Многое делится на «до» и «после».
За жалюзи снуют люди. Живые, настоящие, и они… как сказать? Их так много. И почти каждый из них, если уметь просить, может протянуть свою руку помощи. Основная проблема в том, что многие не умеют просить.
Робби, например, не умеет точно. У него, помимо рецепторов, атрофировалось что-то ещё, способное на тонкие чувства: на связь, на доверие, на показательную уязвимость.
Всё это лирика.
Робби не любит дни, которые стремятся к отпуску, потому что они напоминают последние глотки нелюбимого лекарства. Вся концентрация дерьма упирается в эти рефлекторные процессы трёх фаз: ротовой, глоточной и пищеводной.
Какая-то неделя, а ощущается високосным годом.
Майкл говорит о работе — и упоминает Сантос. Она сказала… Робби кажется, что Деннис его не слушает. Он дышит иначе, и приходится самому принюхаться. Повести носом в сторону беты, попытаться понять.
Сера, металл, уксус.
Он морщится, и уточняет:
— Ты это чувствуешь?
Если что, Робби совсем не уверен, что это всё правильно, и что это как-то связано с Деннисом. Просто эти оттенки попадают в его сохранившиеся грубые рецепторы, и это странно. Это ново.
И этого достаточно, чтобы понять — всё плохо.
Деннис в удивлении — притворном ли? — оборачивается назад, и со всей беззаботностью уточняет:
— Что именно?
Чуть погодя, он выдаёт более вдумчивый ответ:
— Хотя, да, что-то чувствую, будто… кому-то тут было нехорошо.
Да?
Робби оглядывает ординаторскую. Первое, что приходит ему на ум — это наркотики. Они всегда меняют организм до неузнаваемости. При определённых дозах можно даже стереть свой вторичный пол. Лэнгдона он видел сегодня нестерпимое количество раз. И он наливал себе кофе трижды.

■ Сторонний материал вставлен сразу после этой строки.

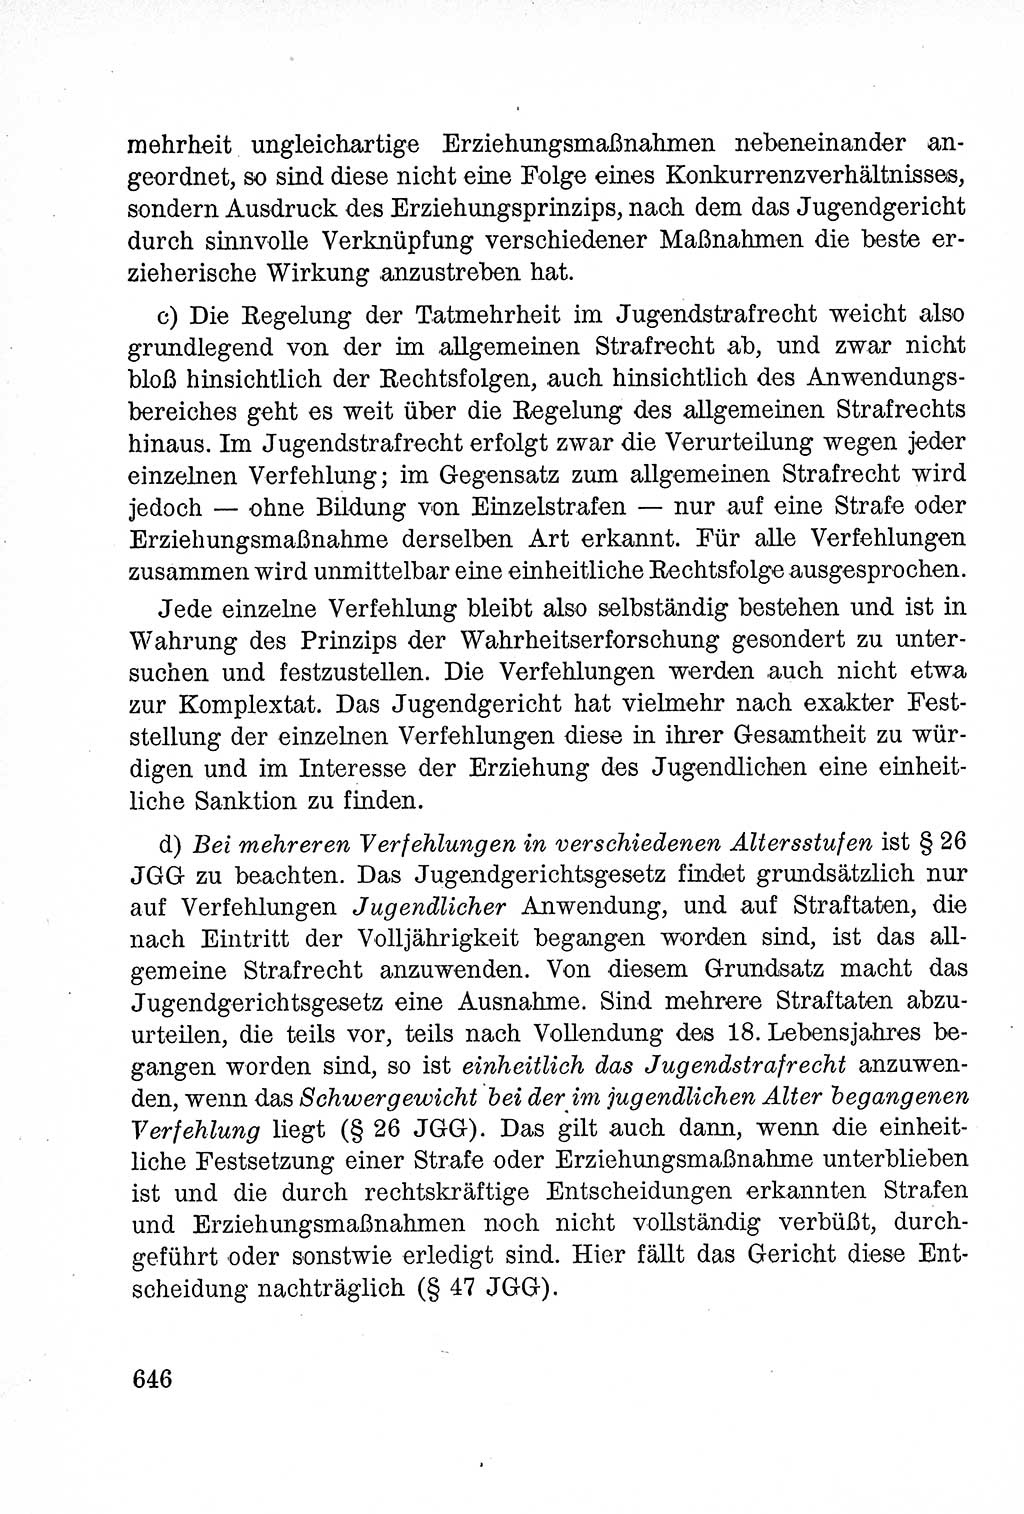 Lehrbuch des Strafrechts der Deutschen Demokratischen Republik (DDR), Allgemeiner Teil 1957, Seite 646 (Lb. Strafr. DDR AT 1957, S. 646)

И последний раз был не так давно.
Робби смотрит на время: скоро сдавать анализы. И он обещает себе обязательно на них посмотреть.
Потому что если это не Лэнгдон, потому что если он пытается снова доверять не тому… то, что у него остаётся? Только личная правда, в которой он ненавидит всё. И единственный вдох, который наполняется болью при сокращении инспираторных мышц.
Какого хрена вообще его обоняние оживает именно сейчас. Это не смешно. Он дышит рядом с Деннисом, и ощущает смерть. Единственный, сука, раз, когда он оказывается способен ощутить его по-настоящему… выходит такой неправильной работой диафрагмы.
Вот тебе и раскрытие крыльев.
Вот тебе и полёт.
Вечность заканчивается, приятель, пора просыпаться.